Drugs saga should not have happened: track star Bol

Athlete Peter Bol has hit out at a "brutal" doping inquiry, saying "I am completely innocent". (Dean Lewins/AAP PHOTOS) (AAP)

Track star Peter Bol is demanding Australia's anti-doping agency do better after independent tests revealed he never took performance-enhancing drugs.

And Bol's lawyer Paul Greene is calling for Sport Integrity Australia (SIA) to admit they bungled a "sham" case against Australia's highest-profile track athlete.

Bol says he's disappointed in SIA and also Athletics Australia (AA) for a lack of support during his doping saga.

The runner was told on January 10 of a positive result to the banned drug erythropoietin, known as EPO, in his A sample from a test three months prior.

He was provisionally suspended by AA but the ban was lifted when results of secondary testing, on the B sample, did not confirm initial findings.

Bol's lawyer Greene sent the results for independent analysis which revealed no trace of any banned substance, he says.

"It's nothing worth celebrating because it shouldn't have happened to start with," Bol told radio station 2GB on Wednesday.

"It's brutal ... I am completely innocent.

"(I) never used any performance substances, never used any drugs - I am just a good athlete, I train and I put in the work."

A dual Olympian and a Commonwealth Games silver medallist in his pet event the 800m, Bol was bewildered why SIA said he had failed a drugs test and how that finding was leaked.

"Do better. Just do better," he said of his message to SIA.

SIA had no comment at this stage, a spokesman said.

Bol was also frustrated at a lack of support from AA.

"It has been pretty disappointing from my own governing body to not stand behind me ... just check up on me, I don't think it's that hard to do," he said.

Lawyer Greene said he sent test results to independent experts.

"We had two of the most world-class analytical chemists in the world look at his results and they say this wasn't even a close call, these were just negative tests," Greene told the Nine Network.

He called on SIA to admit their errors.

"They had no idea what they were doing," Greene said.

"And the worst part of it now is: one, it was announced first of all which it never should have been.

"Two, now they ... obviously are wrong, they are refusing to drop this sham investigation."

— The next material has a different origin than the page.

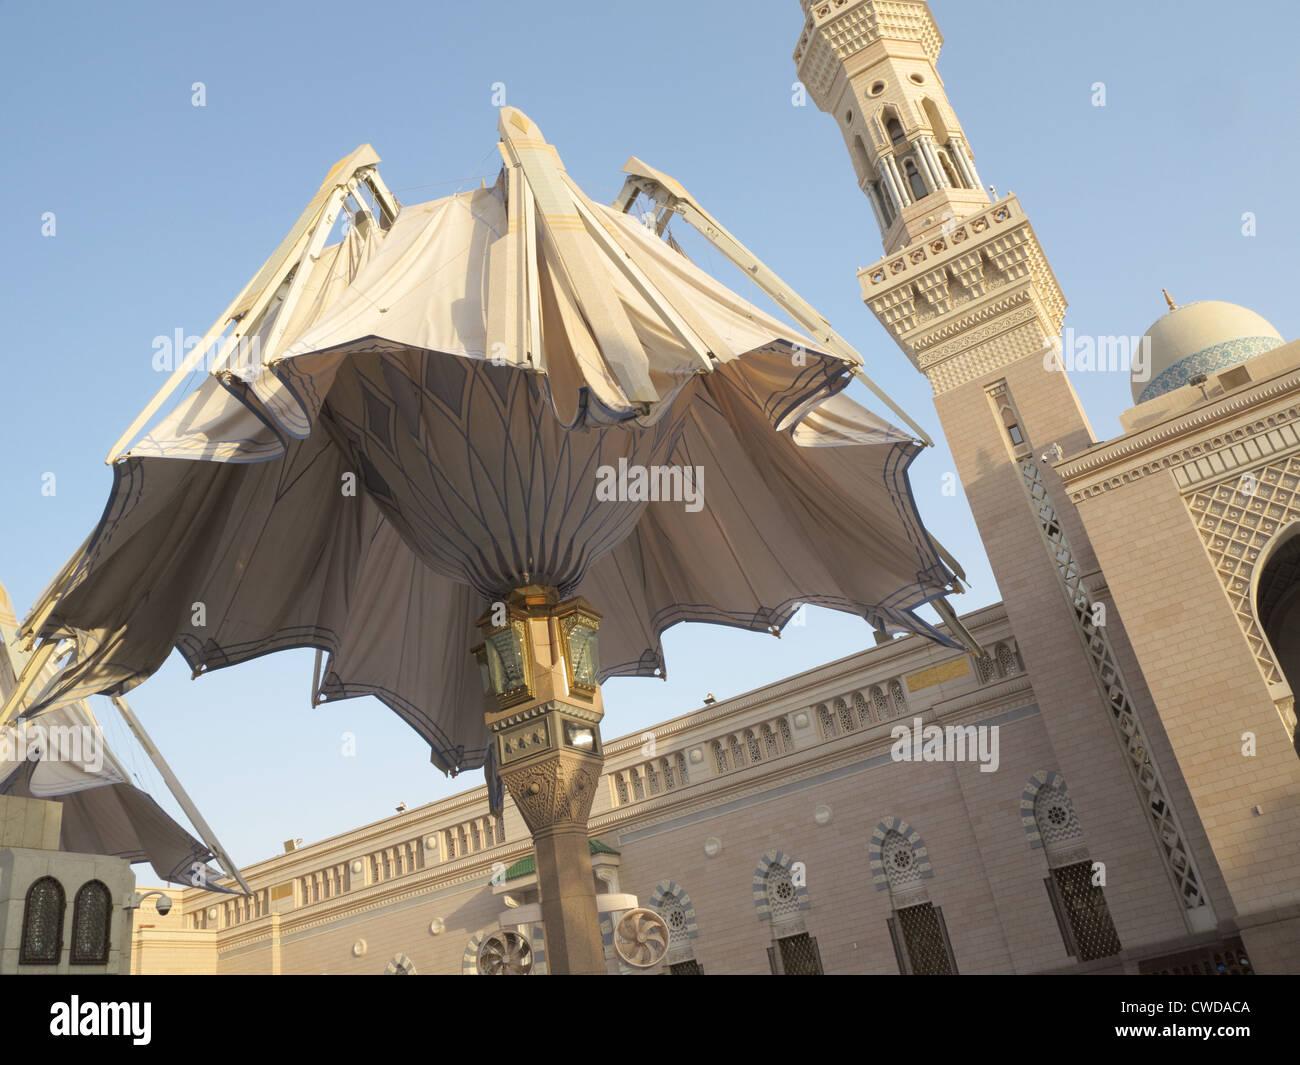 La taille géante parapluie automatique à la fermeture d'une mosquée Nabawi, Al Madinah, Arabie Photo Stock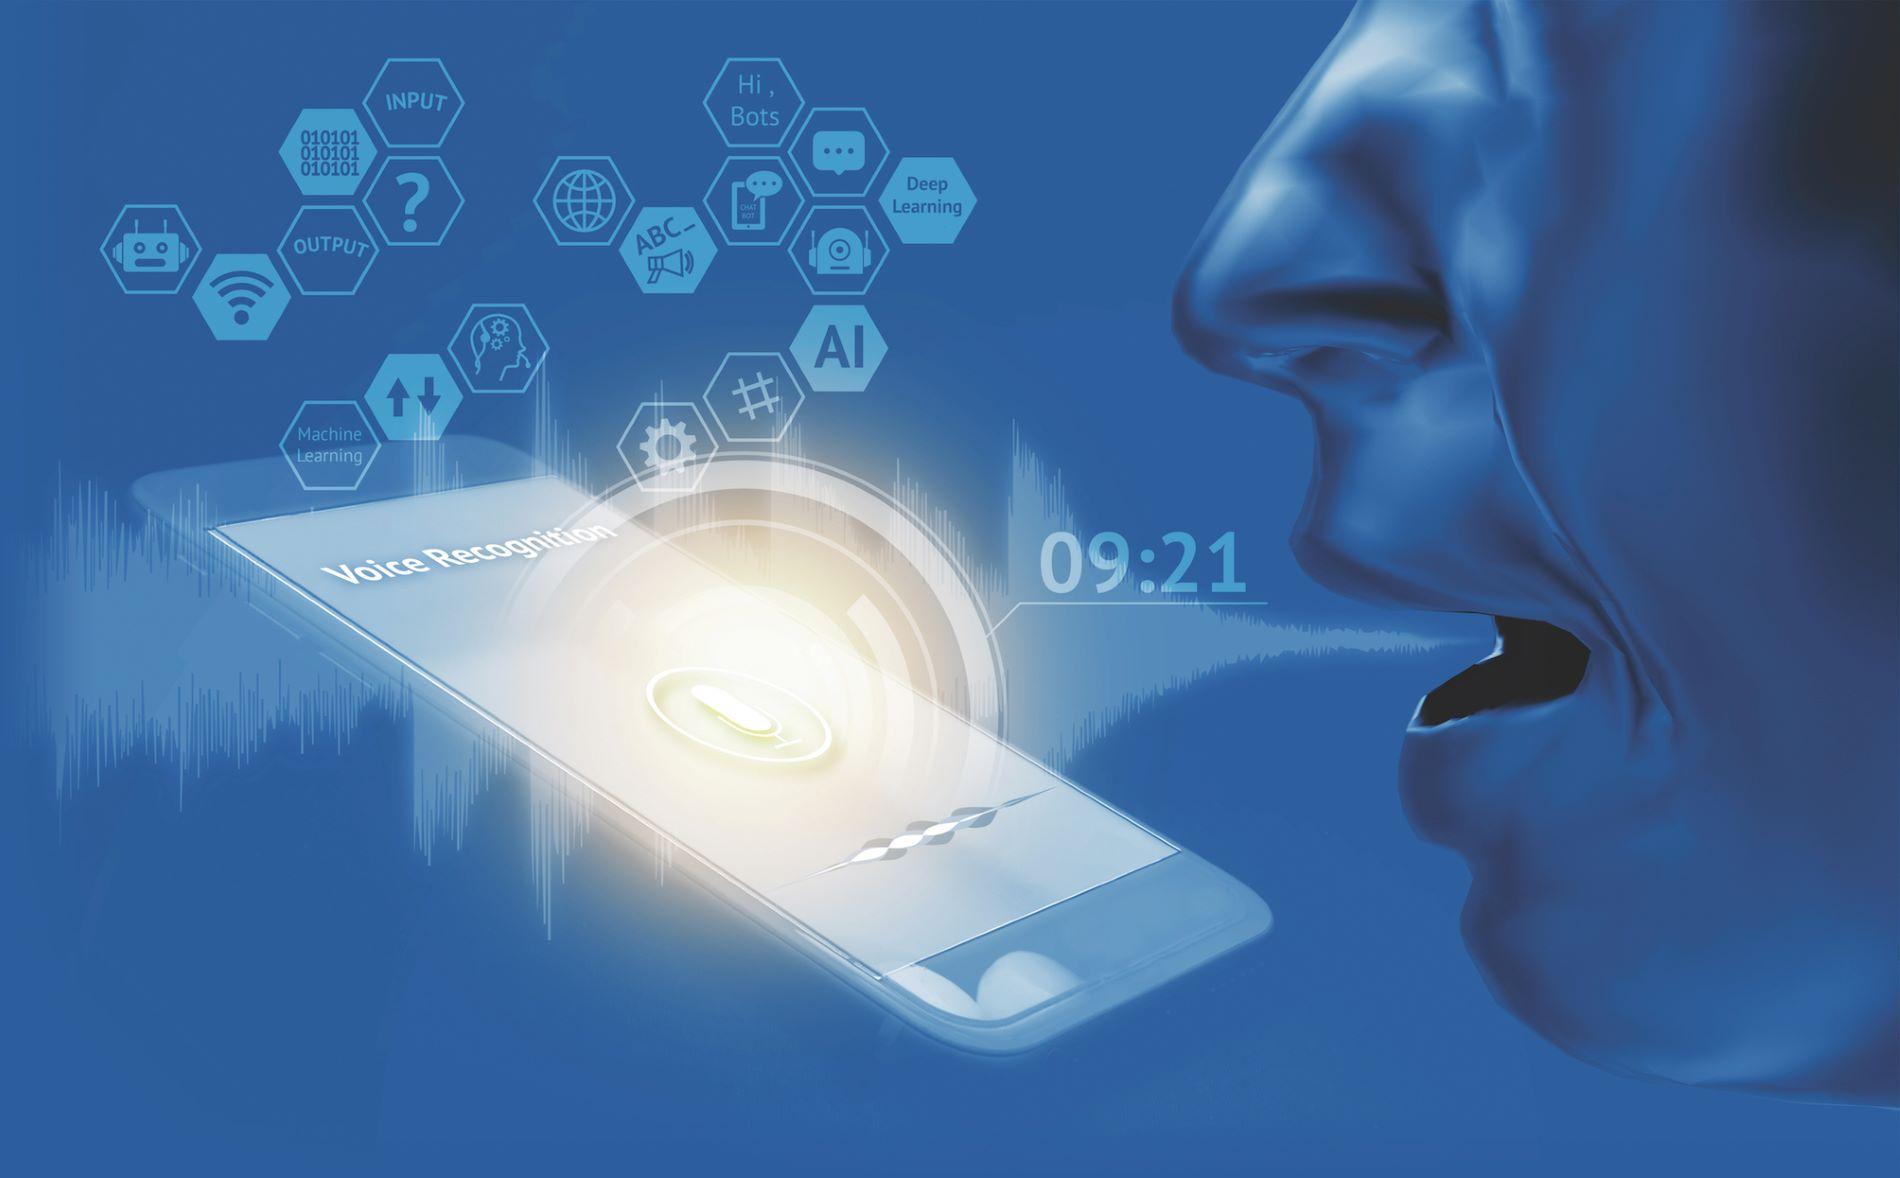 Ψηφιακή Υγεία: Καινοτομίες και λύσεις στα αδιέξοδα των παραδοσιακών συστημάτων

In February when the B sample finding was released, SIA said the Bol case wasn't closed because it showed an "atypical finding (ATF) for recombinant EPO".

"The relevant rules require a WADA-accredited laboratory to obtain a second opinion from an expert ... an ATF is not the same as a negative test result," SIA said in a statement at the time.

But Greene insisted SIA had "absolutely no evidence at all" of any wrongdoing.

"They just need to say 'we have no evidence, we messed this up, this was a mistake'," Greene said.